The first secreting structures may be designated primordial G, L, S or P crypts. Later they are stimulated hormonally to develop into mature G, L, S and P crypts (Figure 13b). A transient stimulus, which depends on the production of placental oestrogen, takes place in the last month before birth. After birth, this stimulus ceases and the crypts atrophy, "the genital crisis of the newborn" (Courrier 1945). New proliferation commences before and during puberty. At first, L, S and P crypts are stimulated; after several years G crypts are stimulated by progesterone, when ovulatory cycles commence.

The mechanisms whereby F cells are transformed into G, L, S or P cells are still unknown. Probably an understanding will be reached by molecular biology studies by the introduction of transparent fetal cells into the groups of F-cell culture in vitro.

During infancy, the mucous membrane of the cervix is flat or folded or sometimes lumpy, but few crypts are present. It produces only minimum quantities of mucus.

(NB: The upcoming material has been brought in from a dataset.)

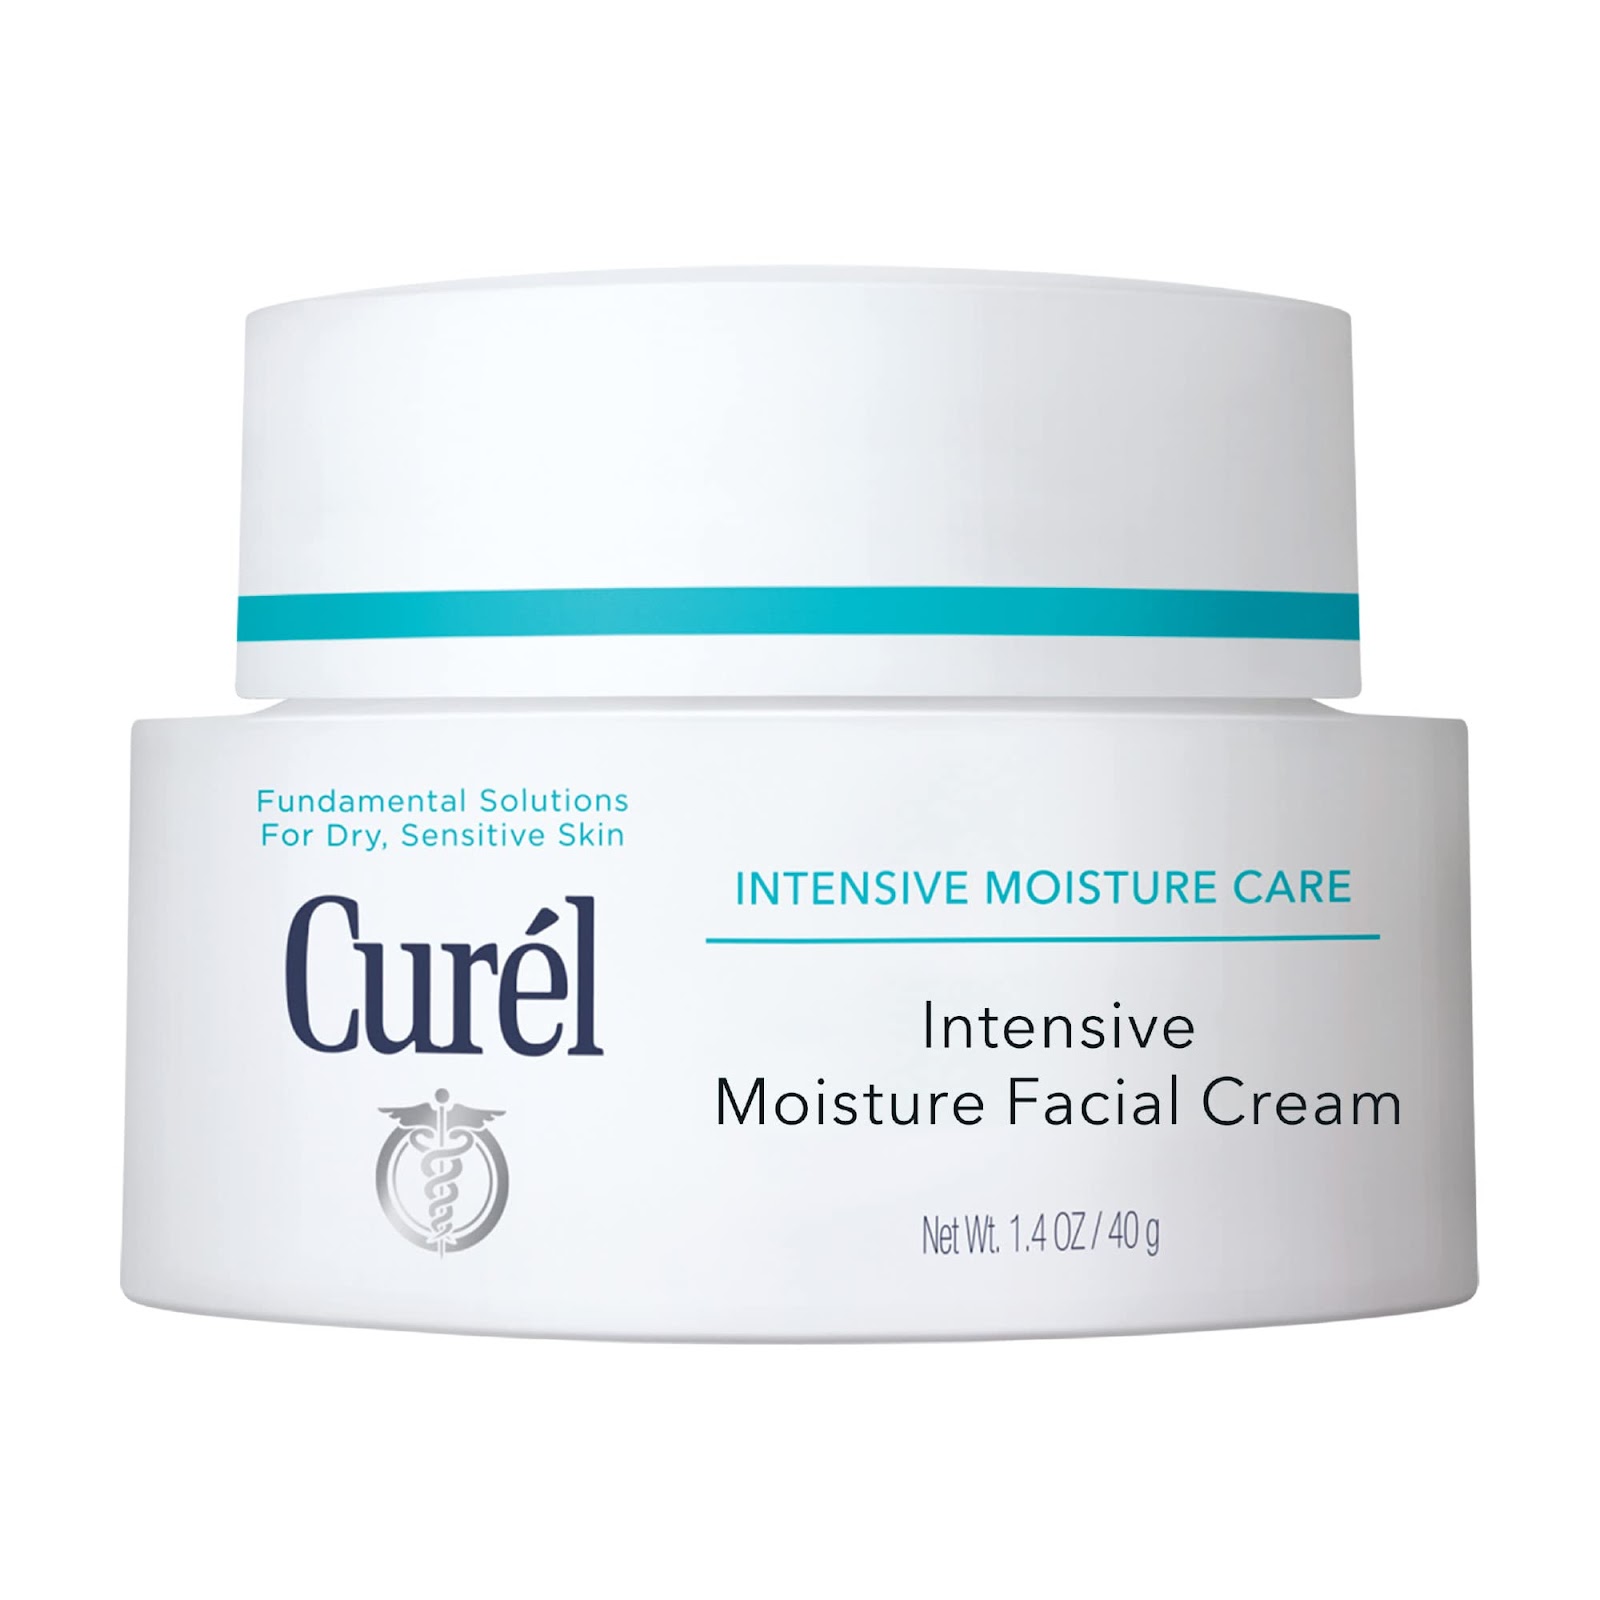 Curel Japanese Skin Care Intensive Face Moisturizer Cream

The cells are probably more frequently F cells. Similarly, after menopause, differentiated cells are unusual and F cells are more frequent, the differentiated G, L, S and P cells have exfoliated or degenerated.

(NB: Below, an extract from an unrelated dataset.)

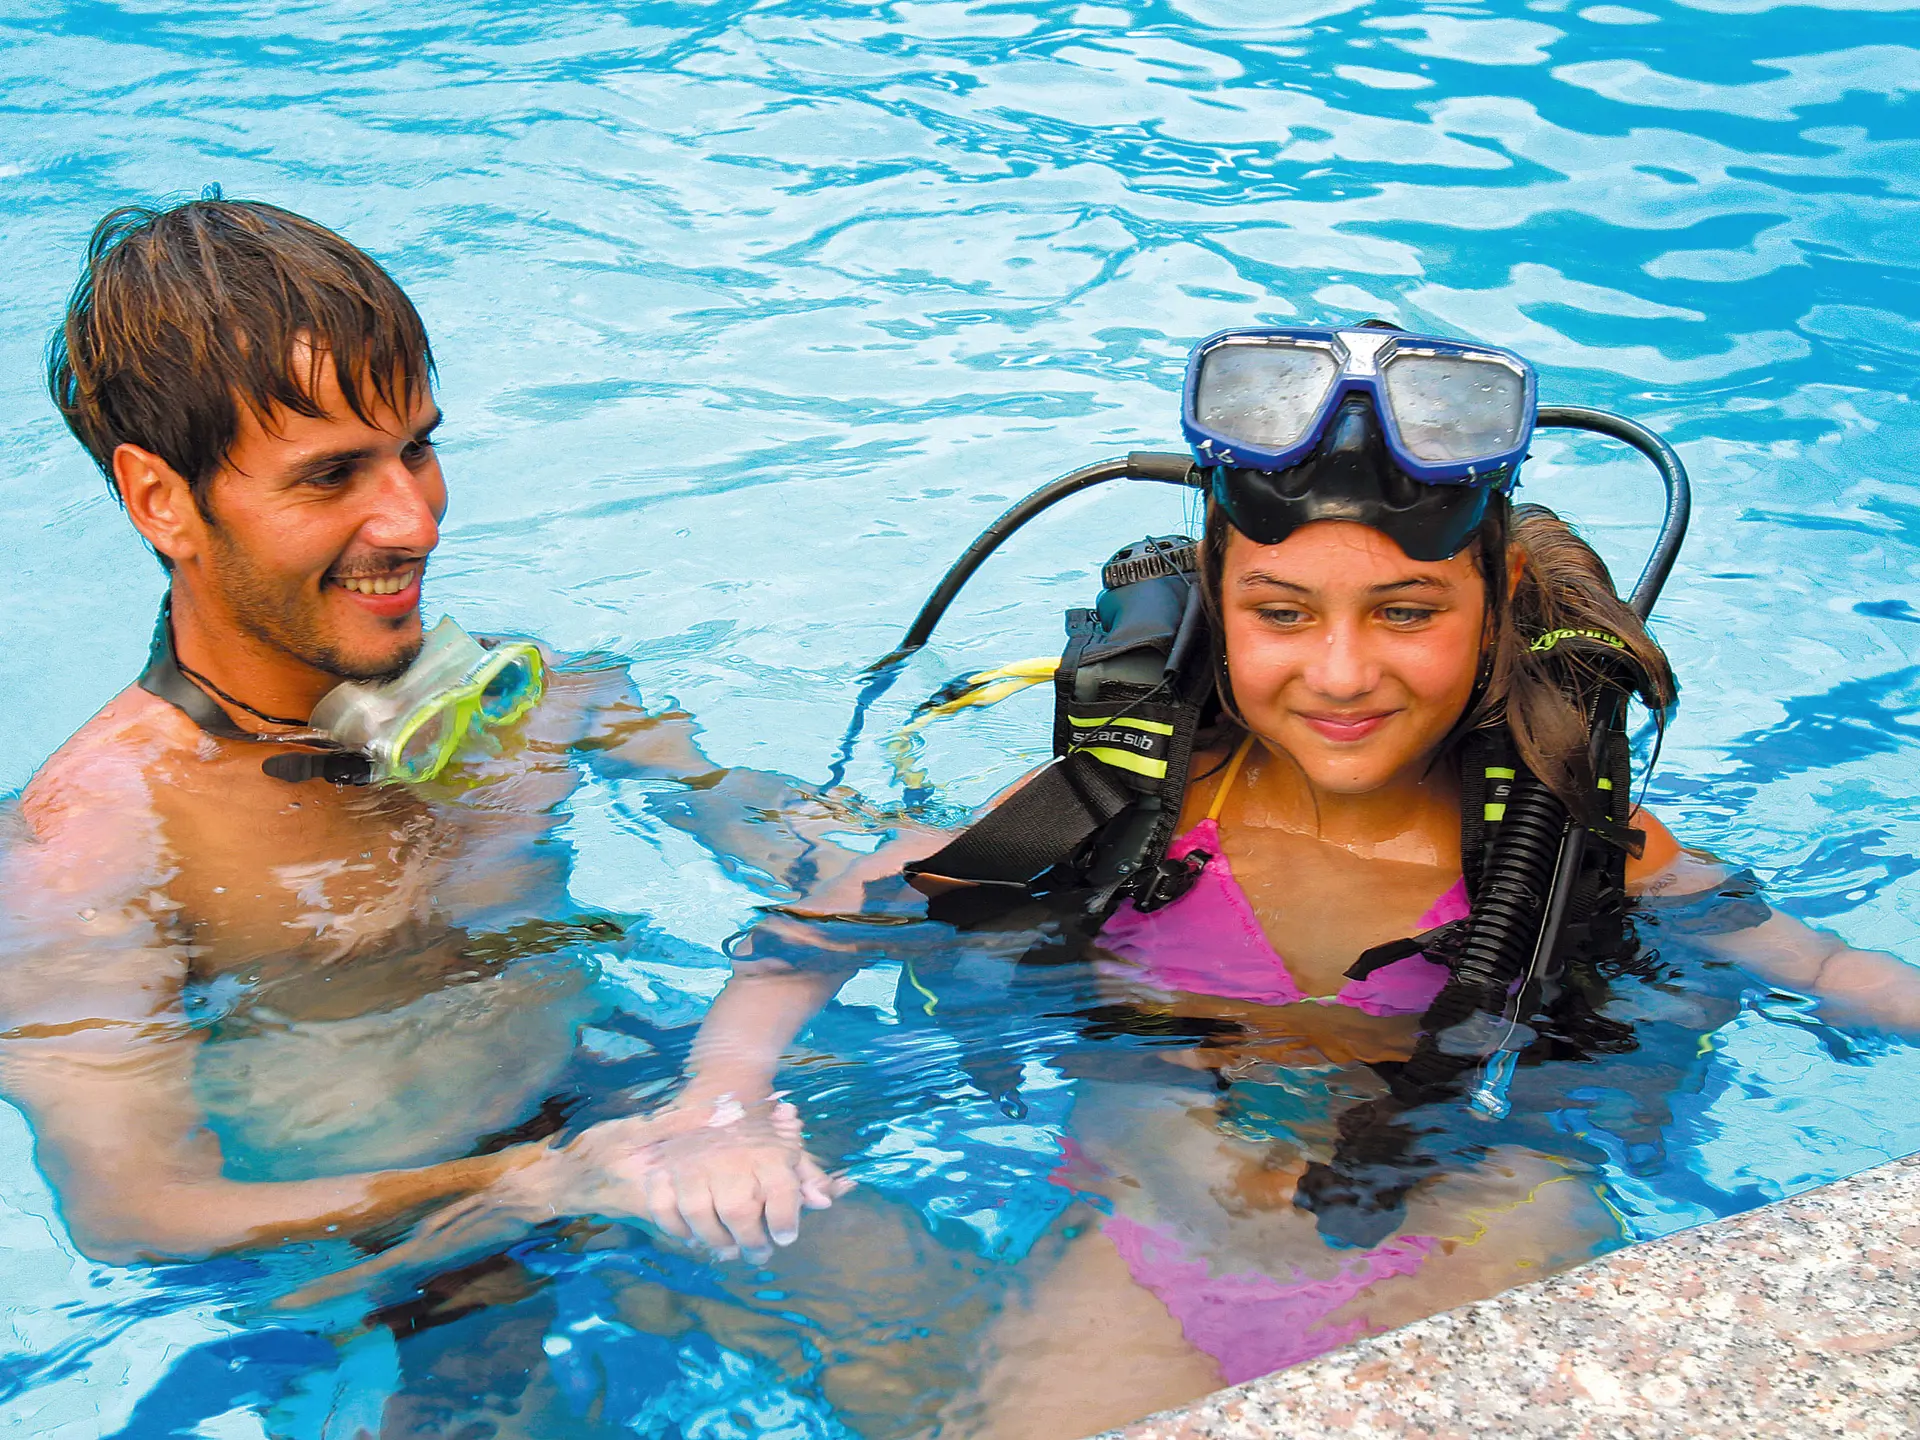 Du har muligheten til å ta et dykkerkurs på Hotel Club Saraceno

F mucus is probably made up of a large excess of membranous glycoproteins of F cells which are exfoliated and visible in the mucus. Leucocytes and lymphocytes are rare. Crystals of F secretion are few and indistinct or they are not present at all, and usually the nuclei of F cells are only visible on slides after the F mucus has dried out. Often minimum quantities of F mucus are mixed with G, L, S or P secretions and L, S, and P crystals are altered and form irregular patterns. In women of reproductive age F mucus amounts to 1-4% of the total cervical mucus (Figure 14b).

It was propounded already by Jost (1947) that there could be a factor, later denominated the Müllerian inhibition substance (MIS), or Jost factor, which aids in the regression of the Müllerian duct in the male fetus. Later studies (Takahashi et al. 1986; Vigier et al. 1989) have shown that MIS is also present in the female, and may inhibit oocyte meiosis at puberty and reduce ovarian aromatase activity, a biochemical step in the biosynthesis of oestrogens. In male fetuses and young male infants MIS promotes the descent of the testes into the scrotum. Biochemically MIS appears to be a glycoprotein with a general "anti-Müllerian" and "pro-Wolffian" activity. Functionally it is classified as transforming growth factor beta (TGF-b ).

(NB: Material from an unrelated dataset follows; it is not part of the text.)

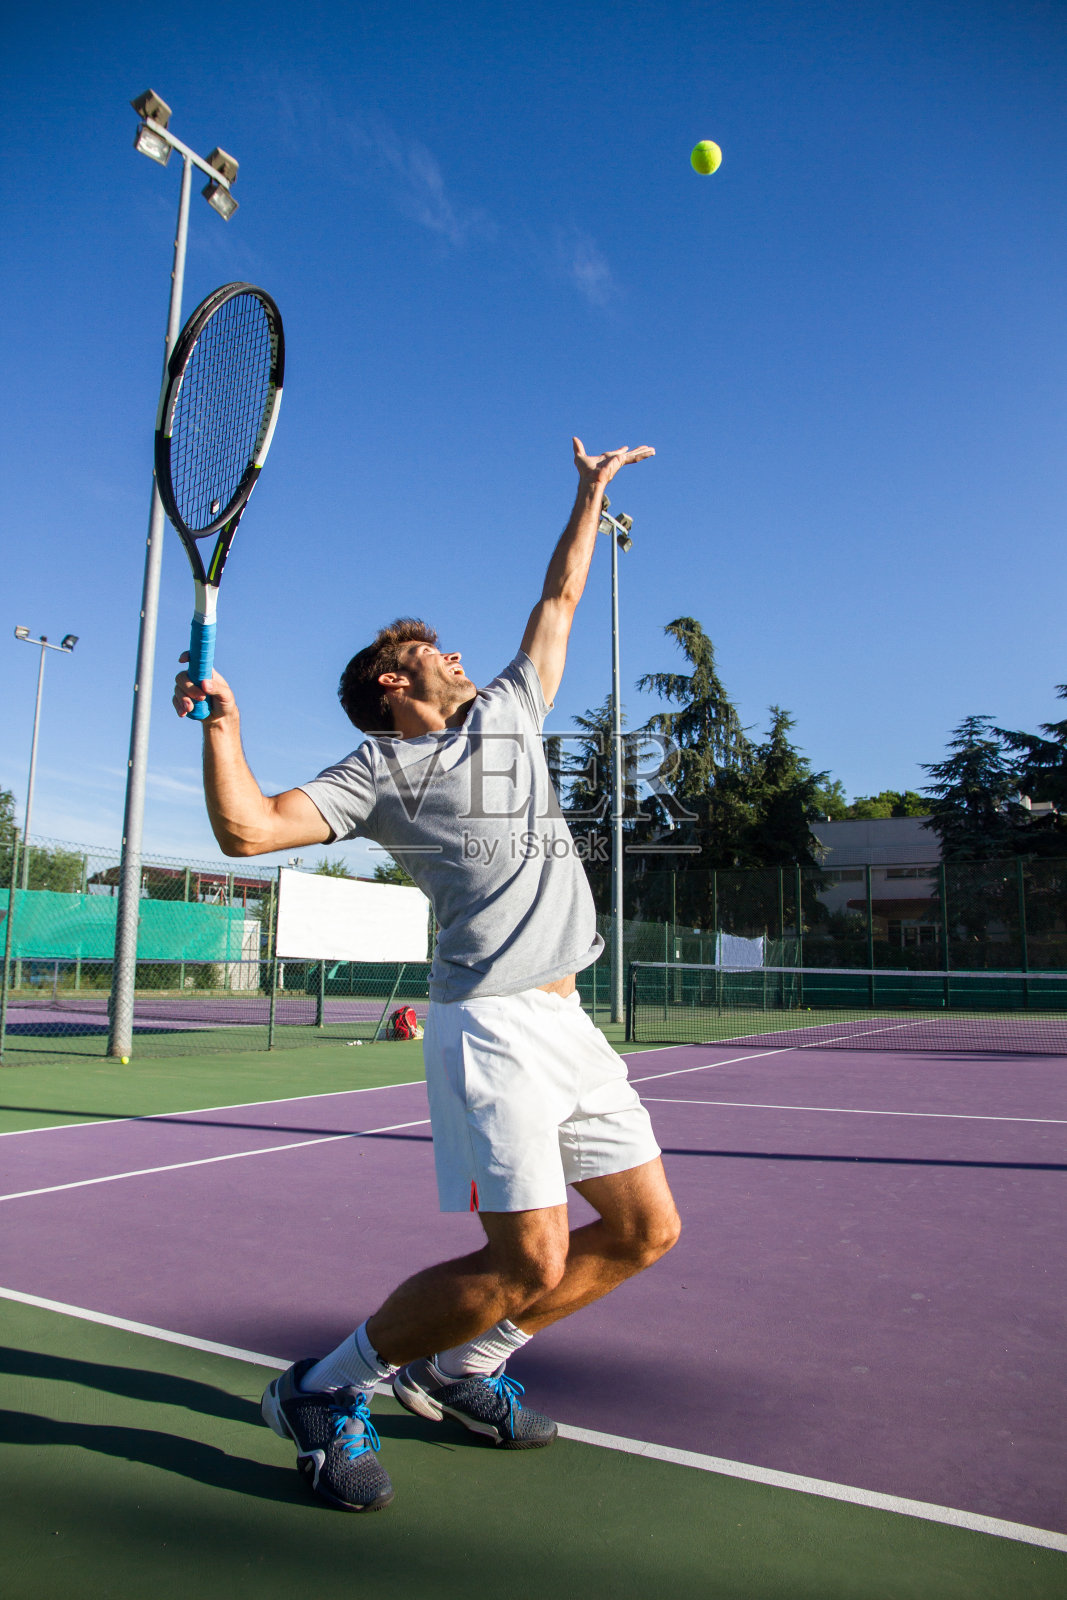 职业网球运动员正在踢网球。照片摄影图片

I have suggested that MIS might be involved in the development of the "missed mucus symptom", a rare but interesting disease which was first publicly presented at the 1990 Annual Meeting of the Natural Family Planning Council of Victoria in Melbourne, Australia. Women with this condition often seek help for infertility. Their charts reveal that they sometimes miss their mucus symptom, apparently due to a temporary closing of the external os. This in turn is due to contraction in the two sacro-uterine ligaments which contain muscle bundles stimulated to contractions by oestrogenic hormones. The tension at contraction is mediated to the region of the external os by fibrous strings, remnants of the Wolffian ducts, one on each side of the cervix. These women may have other signs of "anti-Müllerian" activity such as a small amount of cervical mucosa and impaired ovarian function.